A FastAPI-based load balancing worker for RunPod Serverless. Traffic is routed directly to available workers — no queuing — for low-latency HTTP and WebSocket access.

Endpoints

Method Path Description
GET /ping Health check (required by RunPod)
POST /generate Text generation (swap mock for real model)
GET /stats Request and connection stats
WS /ws Streaming WebSocket generation

Project structure

.
├── app.py            # FastAPI application
├── Dockerfile        # Container definition
├── requirements.txt  # Python dependencies
└── README.md

Local development

pip install -r requirements.txt
python3 app.py
# Server starts on http://localhost:80

Build and push Docker image

docker build --platform linux/amd64 -t YOUR_DOCKER_USERNAME/worker-lb-websocket:latest .
docker push YOUR_DOCKER_USERNAME/worker-lb-websocket:latest

Deploy to RunPod

  1. Go to the Serverless page in the RunPod console.
  2. Click New EndpointImport from Docker Registry.
  3. Enter your image URL: YOUR_DOCKER_USERNAME/worker-lb-websocket:latest
  4. Click Next and give your endpoint a name.
  5. Under Endpoint Type, select Load Balancer.
  6. Choose at least one GPU type (16 GB+ recommended).
  7. Click Deploy Endpoint.

Once deployed, all endpoints are accessible at:

https://<ENDPOINT_ID>.api.runpod.ai/<PATH>

Testing HTTP endpoints

Replace ENDPOINT_ID and RUNPOD_API_KEY in every command below.

Health check

curl -X GET "https://ENDPOINT_ID.api.runpod.ai/ping" \
  -H "Authorization: Bearer RUNPOD_API_KEY"

Expected response:

{"status": "healthy"}

Generate text

curl -X POST "https://ENDPOINT_ID.api.runpod.ai/generate" \
  -H "Authorization: Bearer RUNPOD_API_KEY" \
  -H "Content-Type: application/json" \
  -d '{"prompt": "Hello, world!", "max_tokens": 50, "temperature": 0.8}'

Expected response:

{"generated_text": "Response to: 'Hello, world!' (tokens=50, temp=0.8, request #1)"}

Stats

curl -X GET "https://ENDPOINT_ID.api.runpod.ai/stats" \
  -H "Authorization: Bearer RUNPOD_API_KEY"

Expected response:

{"total_requests": 1, "active_websocket_connections": 0}

Testing the WebSocket endpoint

The WebSocket endpoint is at:

wss://ENDPOINT_ID.api.runpod.ai/ws

Authentication uses the same Authorization: Bearer header.

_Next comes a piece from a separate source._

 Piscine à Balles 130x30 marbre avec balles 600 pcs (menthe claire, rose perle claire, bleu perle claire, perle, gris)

Option 1 — wscat (Node.js CLI)

Install:

npm install -g wscat

Connect and send a message:

wscat \
  --connect "wss://ENDPOINT_ID.api.runpod.ai/ws" \
  --header "Authorization: Bearer RUNPOD_API_KEY"

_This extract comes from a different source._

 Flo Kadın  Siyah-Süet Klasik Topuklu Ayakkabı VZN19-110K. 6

Once connected, type a JSON payload and press Enter:

{"prompt": "Tell me about load balancing", "max_tokens": 20}

You will receive a stream of token frames followed by a done frame:

{"token": "Streaming", "index": 0}
{"token": "response", "index": 1}
{"token": "for:", "index": 2}
...
{"done": true, "total_tokens": 7}

Option 2 — Python script

import asyncio
import json
import websockets

ENDPOINT_ID = "YOUR_ENDPOINT_ID"
RUNPOD_API_KEY = "YOUR_RUNPOD_API_KEY"

async def test_websocket():
    url = f"wss://{ENDPOINT_ID}.api.runpod.ai/ws"
    headers = {"Authorization": f"Bearer {RUNPOD_API_KEY}"}

    async with websockets.connect(url, additional_headers=headers) as ws:
        payload = {"prompt": "Hello from Python!", "max_tokens": 30, "temperature": 0.7}
        await ws.send(json.dumps(payload))

        while True:
            message = await ws.recv()
            data = json.loads(message)
            print(data)
            if data.get("done"):
                break

asyncio.run(test_websocket())

Run it:

pip install websockets
python3 test_ws.py

Option 3 — Local testing (no RunPod)

Start the server locally:

python3 app.py

Then connect without auth headers:

wscat --connect "ws://localhost:80/ws"

Or with the Python script, replace the URL with ws://localhost:80/ws and remove the headers argument.


Environment variables

Variable Default Description
PORT 80 Main application port (HTTP + WebSocket)
PORT_HEALTH same as PORT Health check port (set to a different port if needed)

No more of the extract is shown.